Also has there been any change in his routine and exercise levels, I notice you say that you are pregnant? If he is not being exercised so much as he may have been before, or isn't being given so much attention in other ways, so not getting the physical and mental stimulation he may have been having that may not be helping. A bored under exercised under mentally stimulated dog can often lead to unwanted behaviour too. At 6 months when they reach adolescence can be a challenging time for any owner, even if they were pretty well trained before, you often notice that they may not be so good at obeying commands and doing things like coming when called. Carrying on with training sessions at this age is more important then ever, so doing some training sessions going through commands he may already know and adding new challenges in training can help. Often doing some training mixed with some play like chasing about and retrieving a ball or toy can wear them out more then just a short on lead walk as it provides mental as well as physical stimulation.

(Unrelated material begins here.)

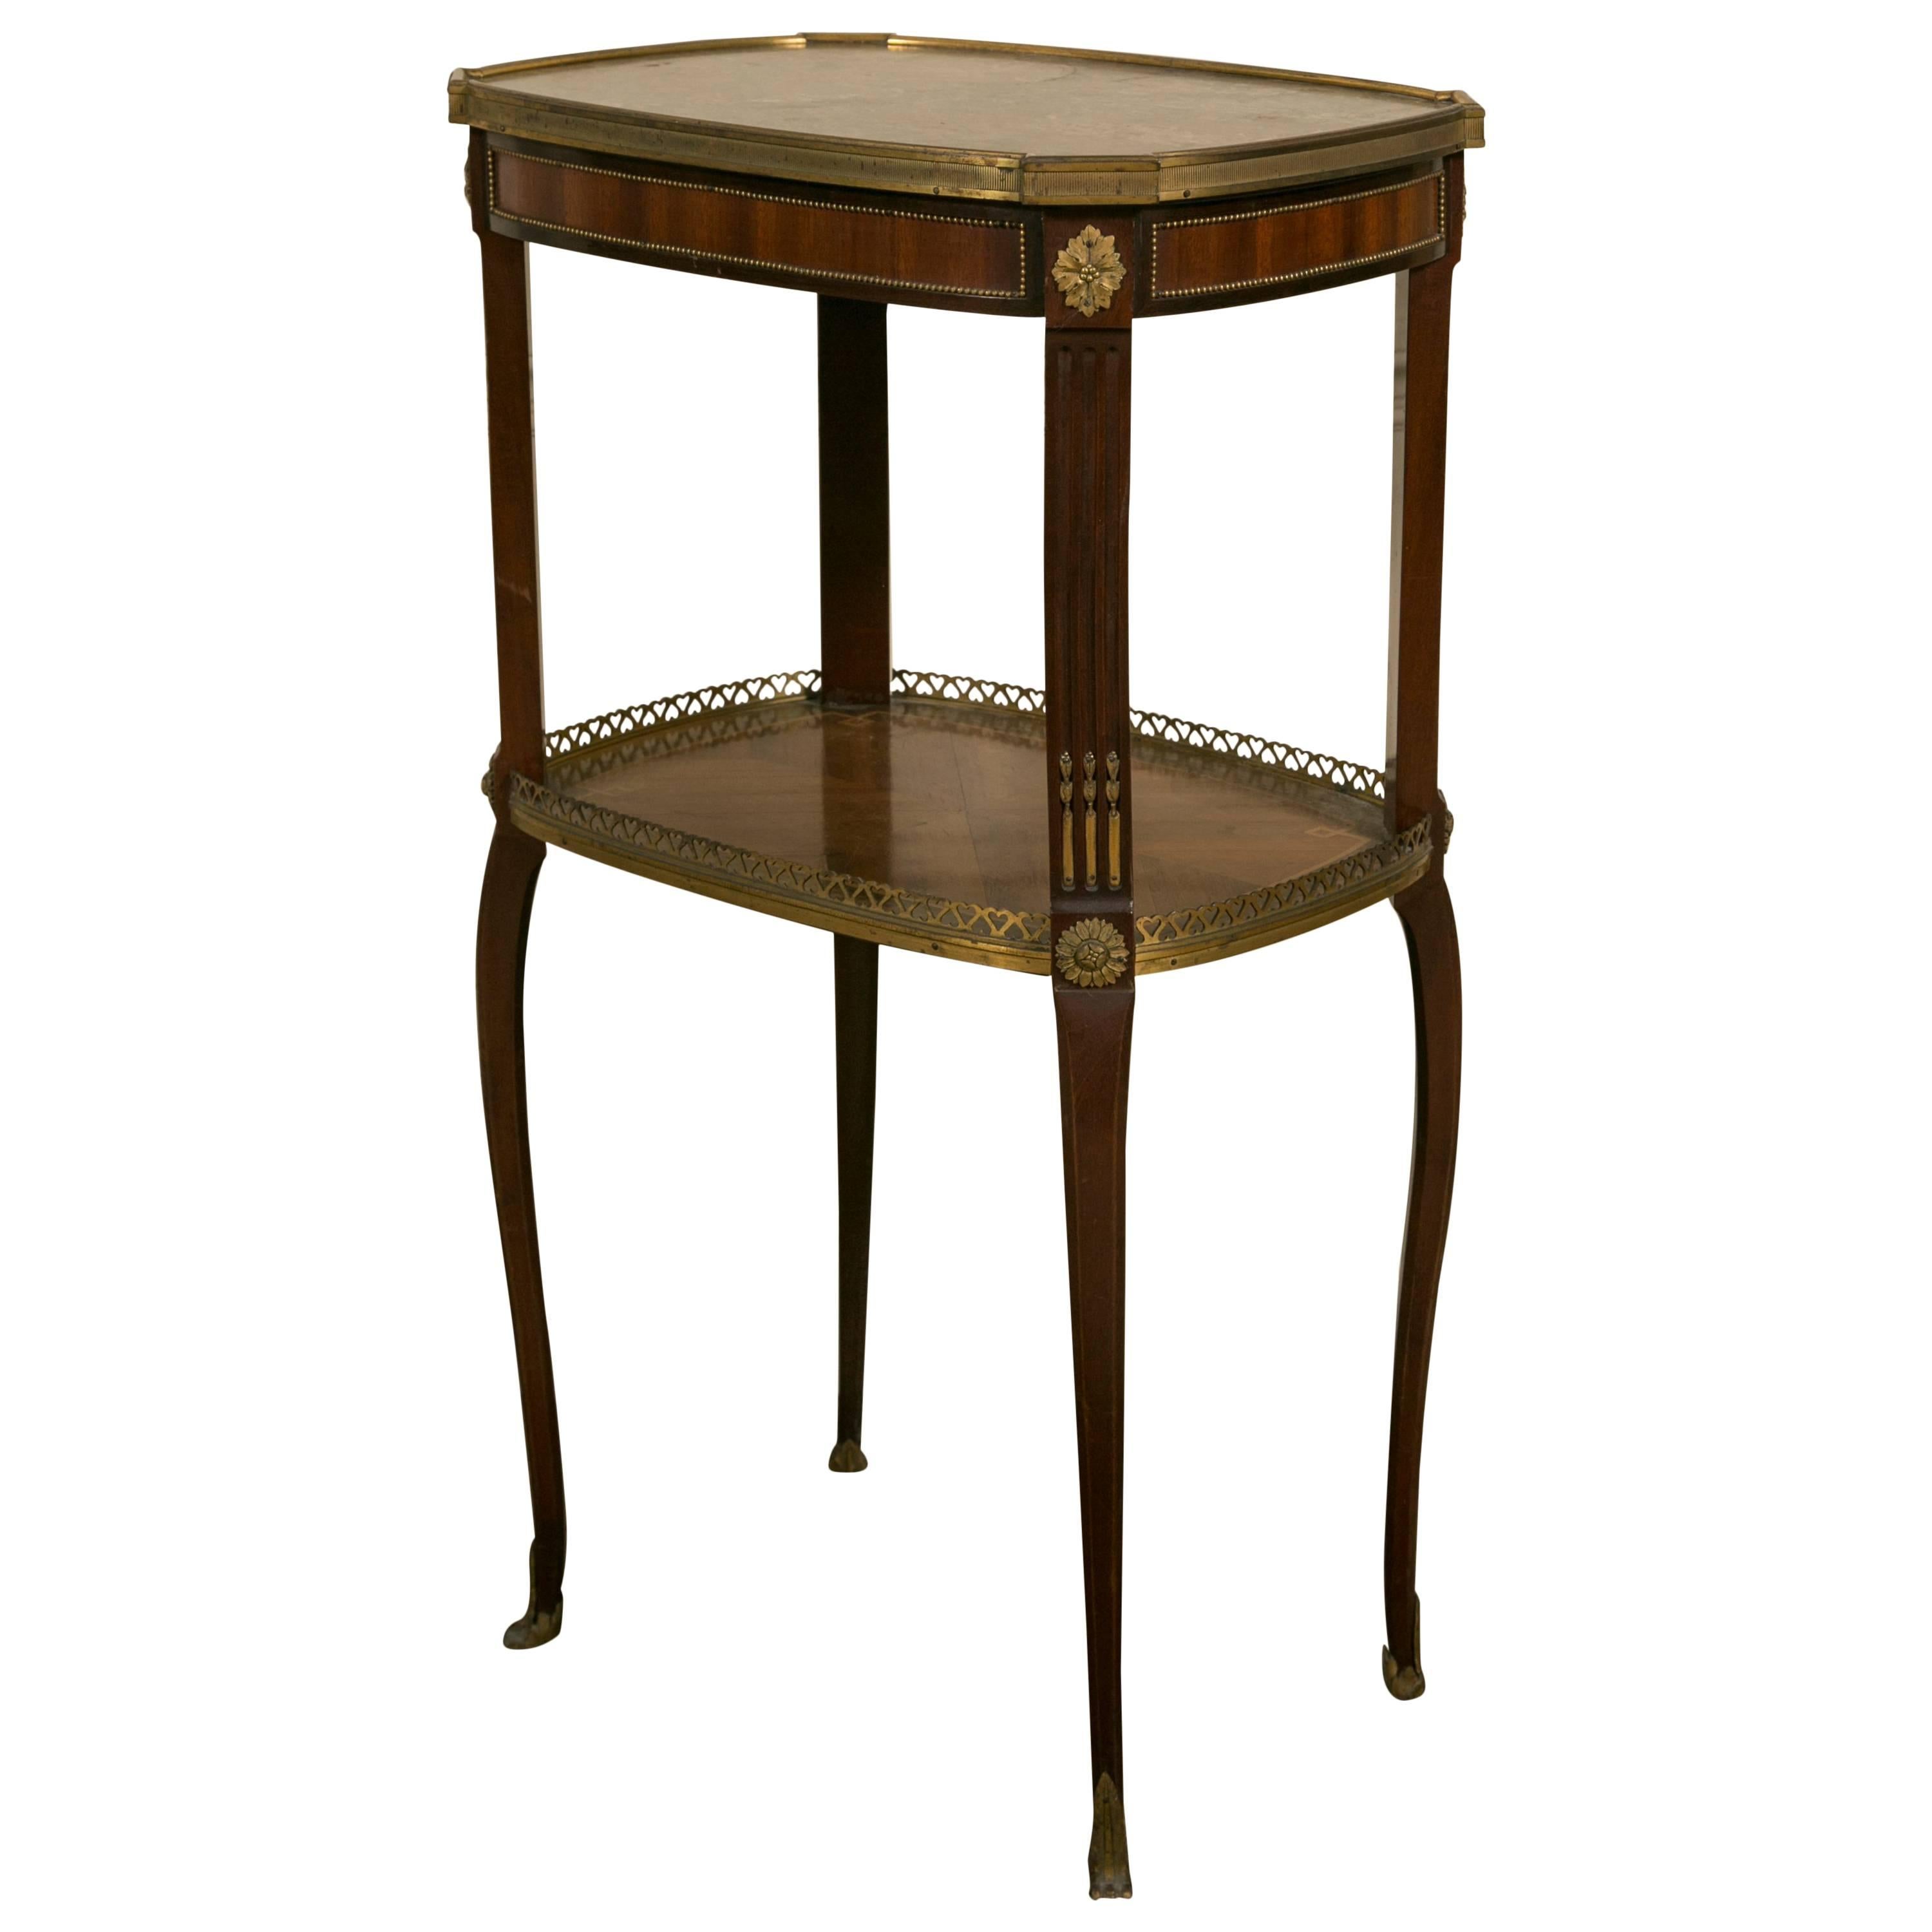 19th Century LXV Style Mahogany Satinwood, Gilt Bronze and Marble Top Side Table For Sale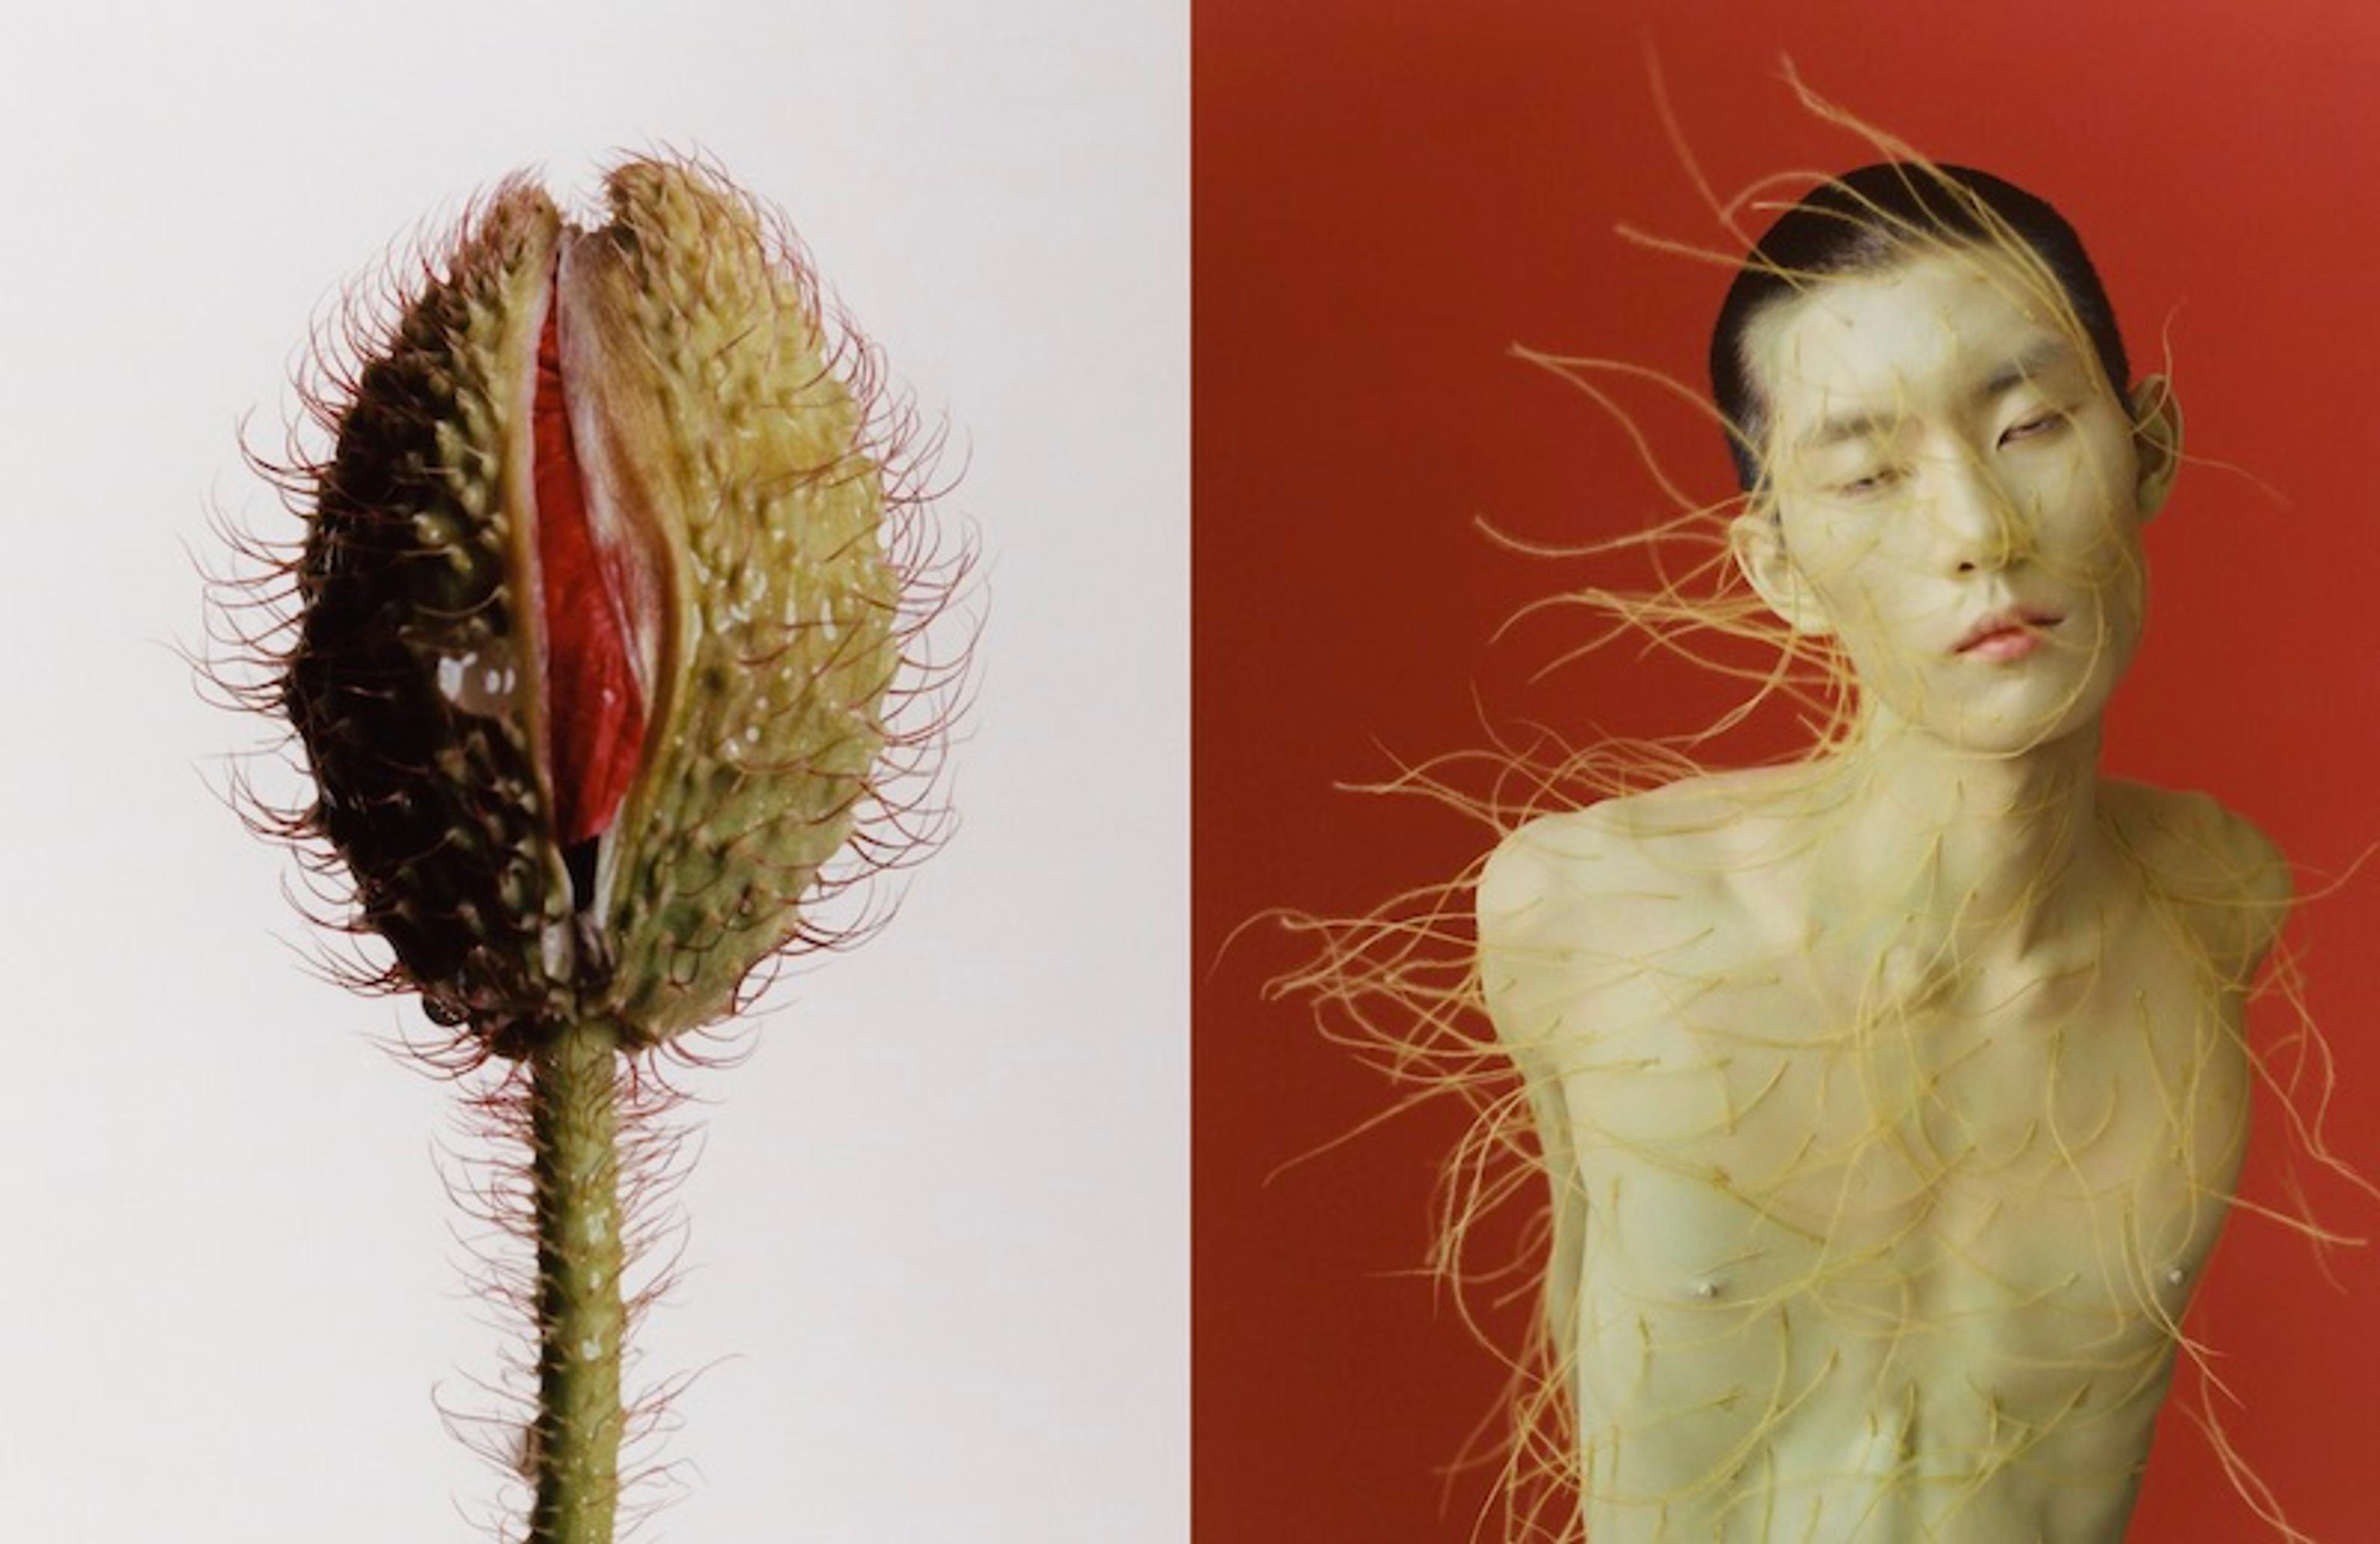 Side-by-side photographs of a venus flytrap and a nude man from the waist up

If the do have to be left, then providing them with interactive toys, like a classic kong for wet food and other things, or a kong wobbler for kibble can help as again it provides them with mental and physical stimulation and they can self amuse. You can use dry food from his allowance in the kong wobbler if on dry or wet food from his allowance with the kong classic, there are lots of other things you can fill the kong classic with too, for variety and to keep them interested. See link for ideas
http://www.kongstuffing.com/

Chewing is a good de stresser for dogs too, so providing him with safe long lasting type chews can help them self amuse and settle. Even when they appear to have finished teething at 6 months teeth are still settling into the jaws so often about this age they often start to chew things again so it can help that way too, as well as providing them with something to do.

If his walks have been less, then you can also do things like scent games, if you google dogs scent games it should give you some ideas of games you can set up in the house or garden to provide mental stimulation.


----------